Suggestions on Talking to Your Neurodivergent Child After School
By: Paige Lichens, MS, C-IAYT | Counselor and Movement and Mindfulness Teacher
“We can create a more nurturing environment by surrounding ourselves with love and support, learning and becoming friends with our minds, and continuing to dismantle harmful social norms in ourselves and in our networks.”― Chloé Hayden, Different, Not Less: A Neurodivergent’s Guide to Embracing Your True Self and Finding Your Happily Ever After

What may appear as misbehavior in a neurodivergent adolescent is often a form of communication. When your child says “no” or shuts down – it may not be defiance. Instead, they could be tired, hungry, overstimulated, or emotionally depleted. Their behavior is how they communicate what they cannot put into words…yet.
A common mistake many parents make at the end of the school day is asking:
“How was your day at school today?”
While this is a well-meaning question, it often overwhelms a neurodivergent child. It’s vague and requires them to mentally review and summarize an entire day—something that can feel nearly impossible. They might also try to guess what you want to hear, which only adds pressure. As a result, their answers tend to be vague, brief, or nonverbal.
Try These Questions Instead:
- “What did your hands do at school today?”
This question connects them to sensory and physical memories—painting, writing, using tools, or games. Since many neurodivergent children process through movement, asking about their body helps them access those memories more easily. - “Who was kind to you at school today?”
Social interactions can be complex and fleeting. This question prompts your child to reflect on positive social moments they might not intentionally process and focus on unless guided. - “Show me something you learned today.”
Demonstrating what they learned gives them a way to recall and share details in a more concrete and visual way, helping them to connect with their daily experiences.

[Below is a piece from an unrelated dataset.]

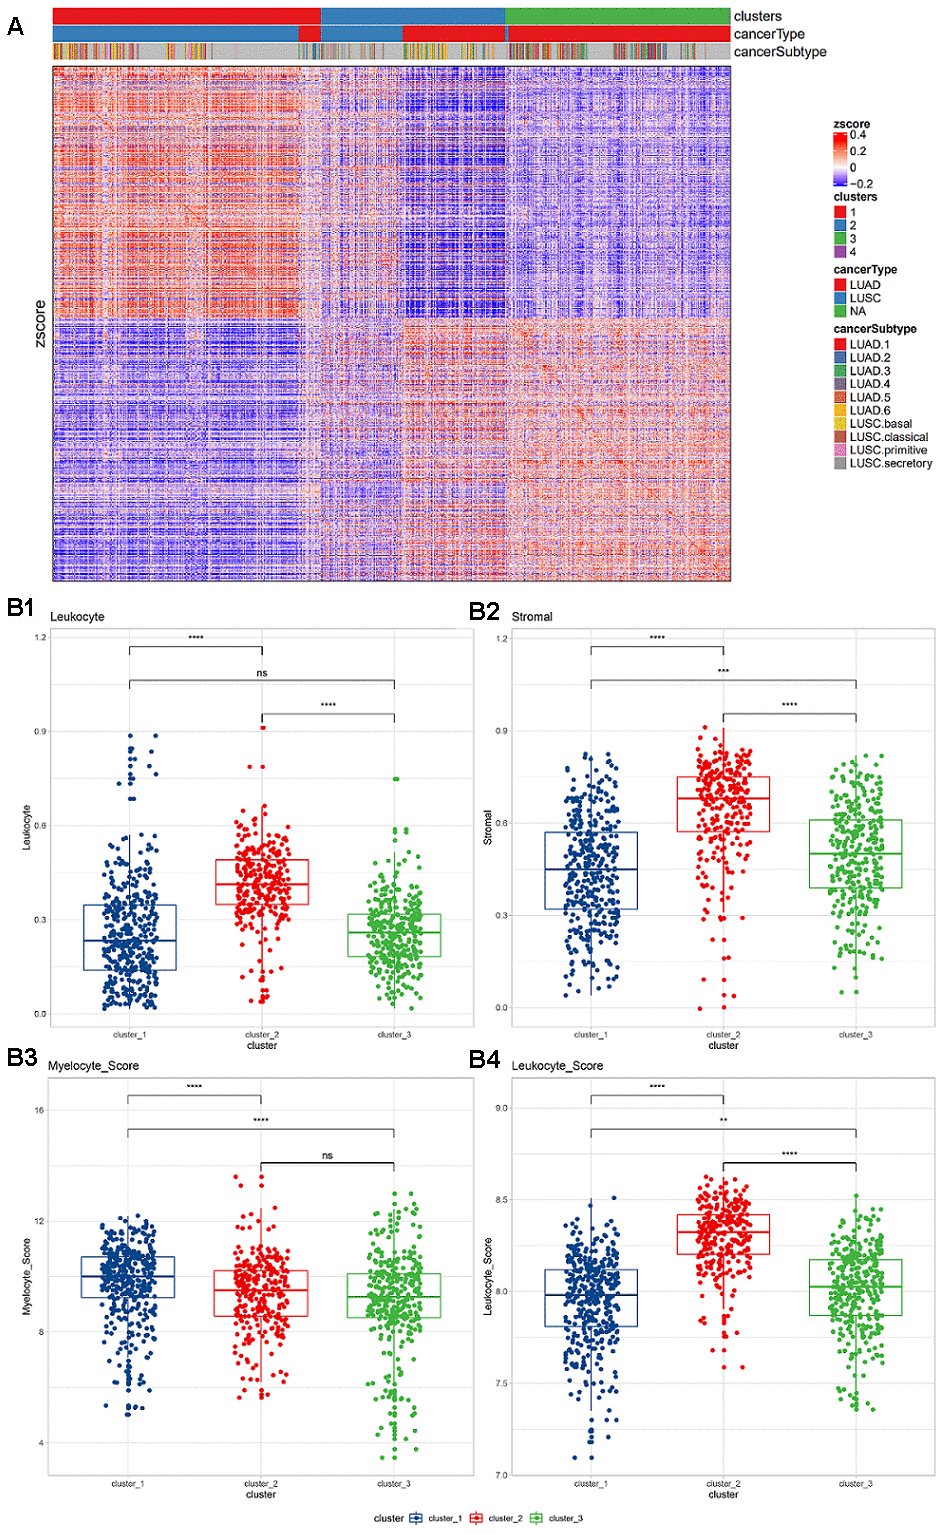 (A) Expression of immune-related genes in TCGA non-small cell lung cancer data. Pearson correlation distance and ward.D2 were used for unsupervised clustering. The top annotations represent the subgroups, cancer types, and TCGA cancer subtypes identified based on consistent clustering. (B) Lymphocyte and myeloid cell infiltration and stromal cell distribution among subgroups. (B1) Lymphocyte infiltration in different clusters; (B2) stromal cell distribution in different clusters; (B3) myelocyte infiltration score in different clusters; (B4) lymphocyte infiltration score in different clusters. The Wilcoxon rank-sum test (*, P

Questions can be a conundrum
Neurodivergent adolescents often struggle with both open-ended and binary questions. Open-ended questions often feel too vague. Yes/No questions can also be problematic, like “Are you hungry?” or “Are you ready to leave?”. While we might be seeking a yes or no answer, many kiddos struggle to put all their conflicting feelings into words or distill their thoughts into one word answers. In addition, many neurodivergent children live in the present moment, making predictions difficult to verbalize.
Also, as parents, we sometimes ask a question when we’re really looking for something else. For example, do we really want to know if our child is hungry, or what we’re actually wanting is for them to sit down at the table and eat? Similarly, are we really curious as to whether our kids are ready to leave, or is it that we want them to get in the car without protest?
A more useful communication strategy is to offer structured choices like:
- “It’s time to eat. Would you like pasta or rice?
- “We’re leaving in a few minutes. Do you want to wear the blue or white shoes?”
- “Select a place to read: at a chair or on a bean bag pillow”
- “Take a 5-minute break now or after completing the project.”
Providing structured choices offers a sense of control to a child and supports smoother transitions. Especially after a long day of school, where they navigate sensory input, social dynamics, and academic demands, your child needs time to decompress. Let’s face it, you need this as well. Therefore, consider making the ride home a quiet time. Hold off on questions and allow space for silence. Once home, offer some snack choices, and time for them to recharge—whether through brief screen time, music, drawing, reading, or just quiet solitude.
Remember to use structured choices and set boundaries. Above all, be present. Even when words are hard to come by, your calm, non-judgmental presence is one of the most powerful ways to connect with and teach your child.